Once I finished doing this, I proceeded to turn on the robot, hook up the USB hub, and test out vision. To make things short, it worked nearly perfectly with the Logitech webcam we have (the cheap one on Amazon). I say nearly because it only sees skystones when they are between 5 and 20 inches away, but other than that, it works. In fact, I was able to get values for where each position was. In other words, when the skystone is on the right, the y position value is greater than 1, when it is in the center it is around 0, and when on the left it is less than -1. The large enough distance between these means that I am able to program it into autonomous easily, which I began doing tonight. Overall, I accomplished a lot this meeting, and anything mentioned but not explained here is likely in my last blog entry (Programming 2/12/2020). I believe I am ahead of the schedule I set for myself , but that will probably change soon.

At these past two meetings, I have mostly been finishing my self-imposed task of implementing my new drive command into autonomous mode as well as (briefly) testing it.
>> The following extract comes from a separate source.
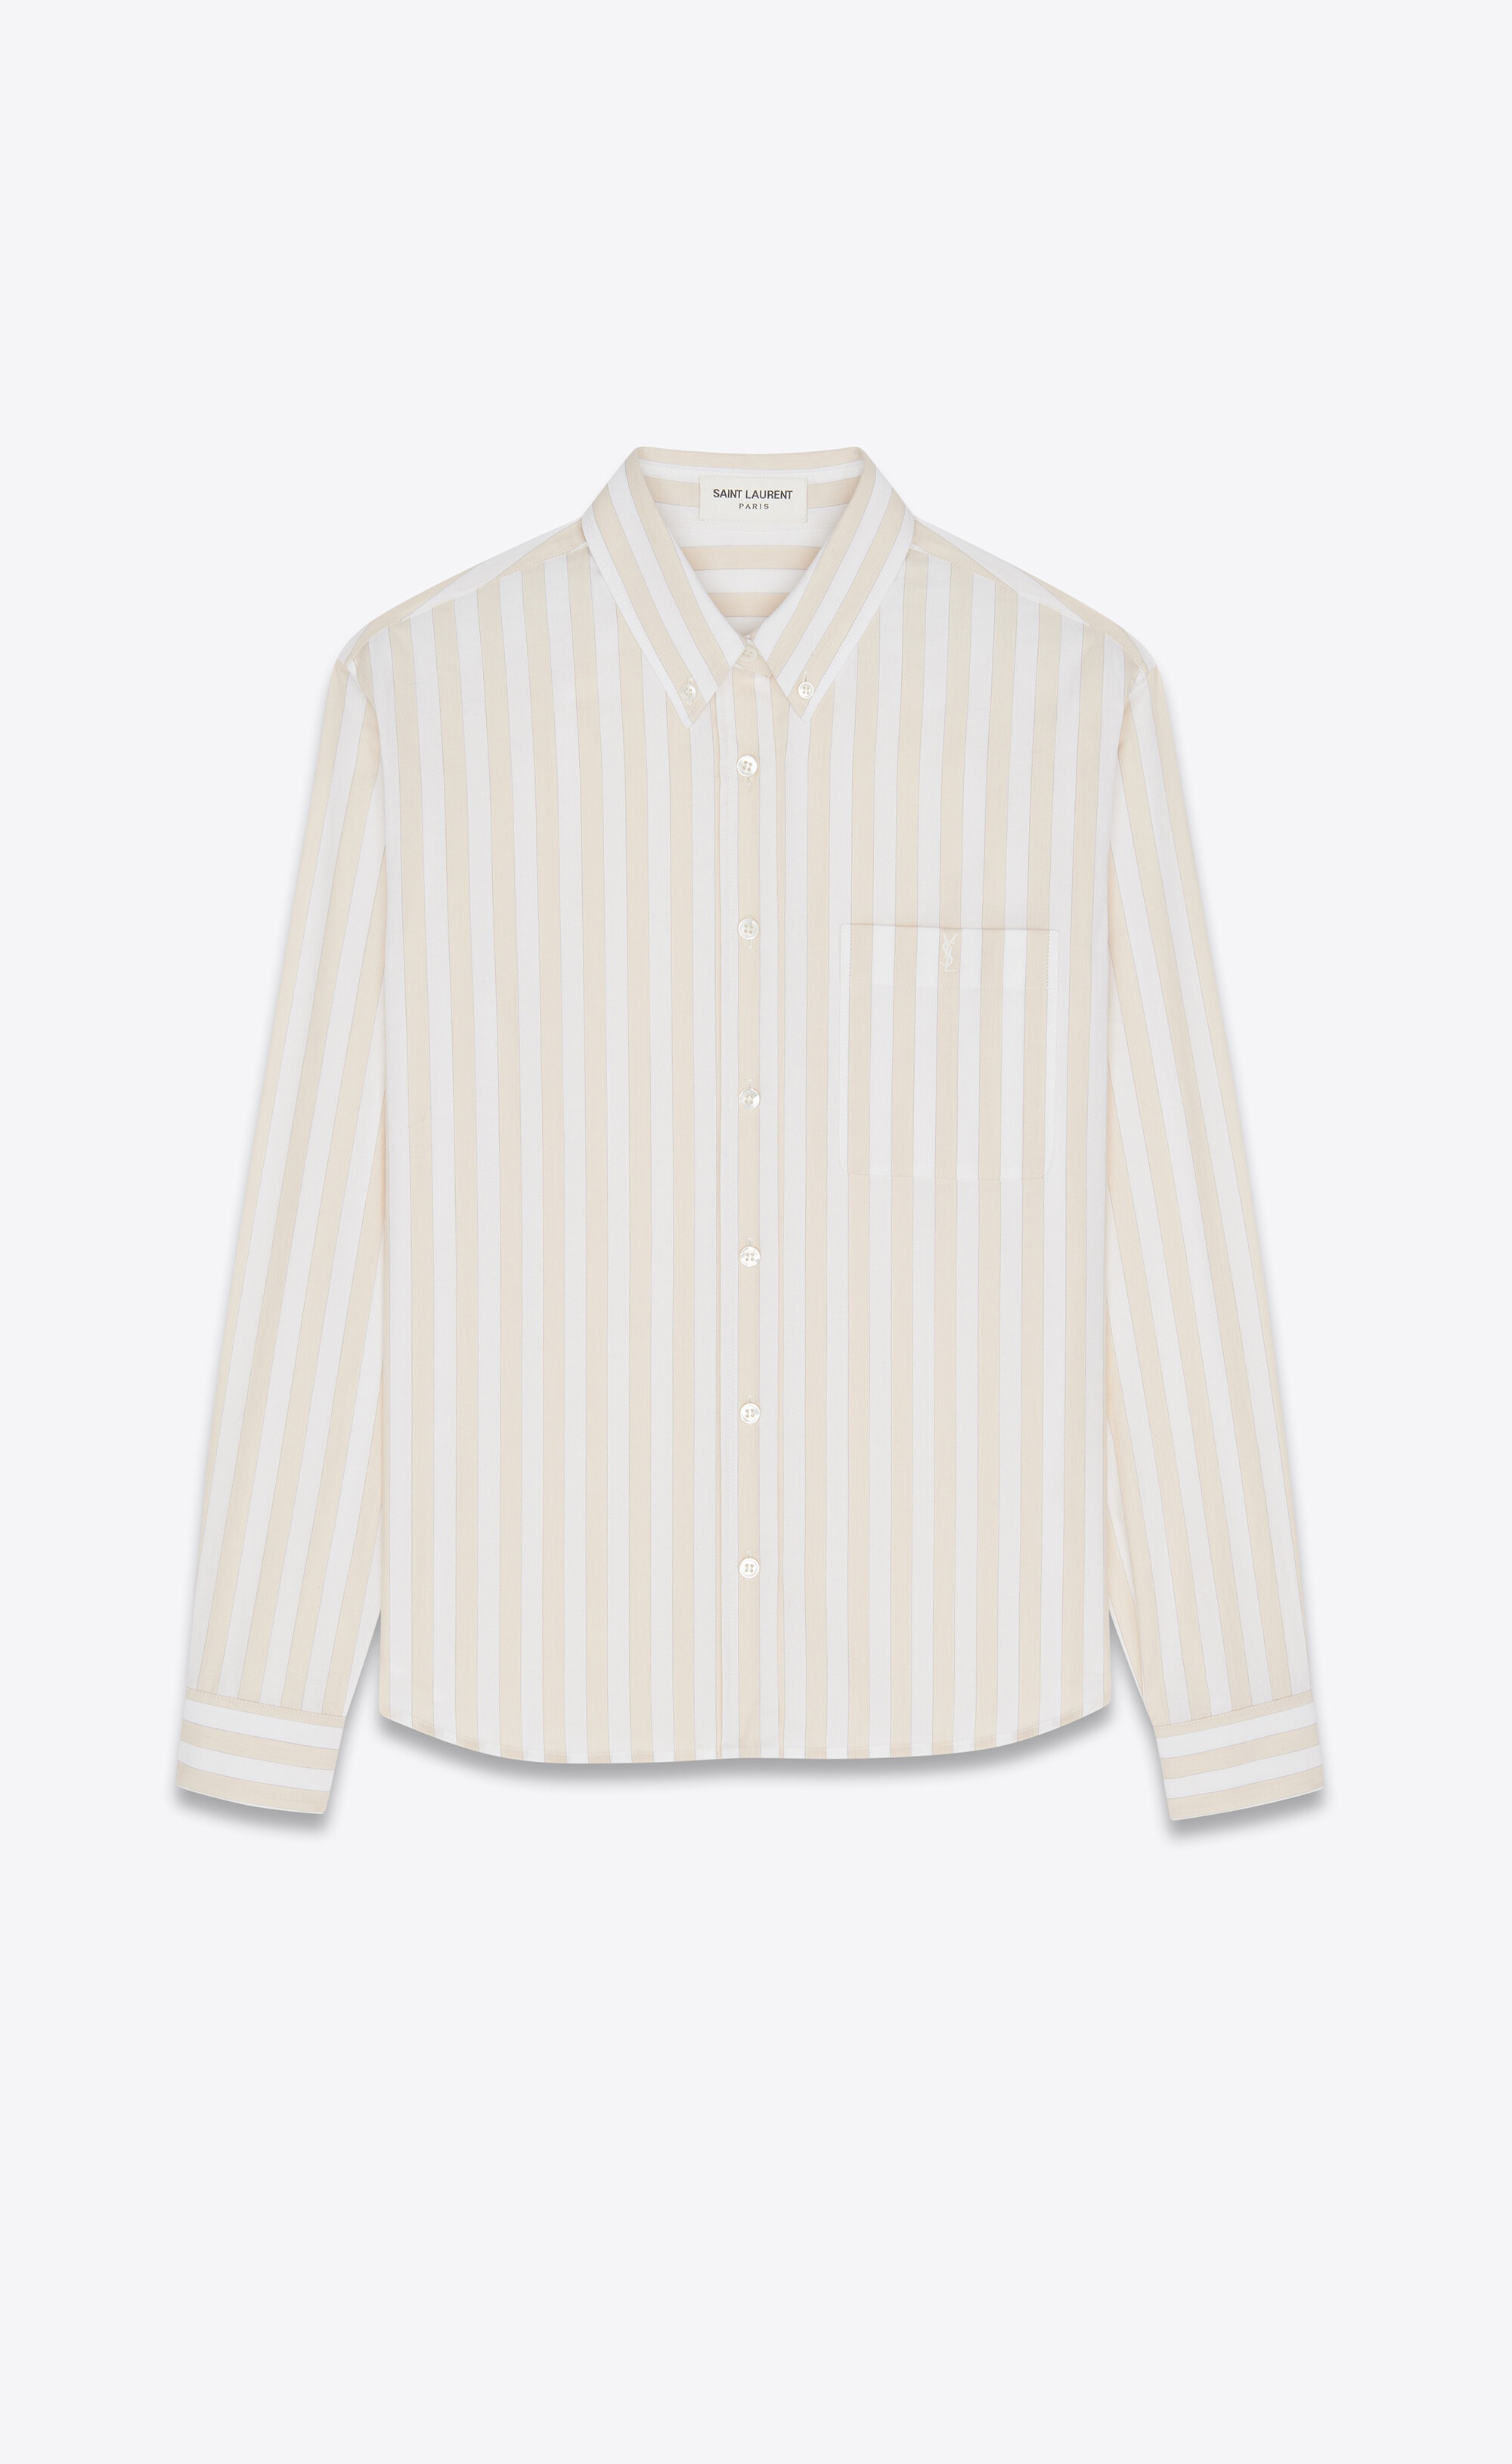 monogram shirt in striped cotton - 1

In one of my previous blog entries, I put in my new drive command code, which uses an inverted parabola (the graph of which is shown below) rather than two different functions. This is much more simple and lowers the processing cost as well as the possibility of error. Not only that, but it remains at the maximum power for longer, making it faster. In short, this new drive command should speed and simplify things. Here is the graph for that curve:


The other main thing that happened was that I was able to test autonomous briefly. After removing some code for distance/color sensors that were not yet attached, I ran autonomous mode once and it moved forward. I will test this more at later meetings and I hope it will work. I have hope, but whether or not it works will be left up to more testing.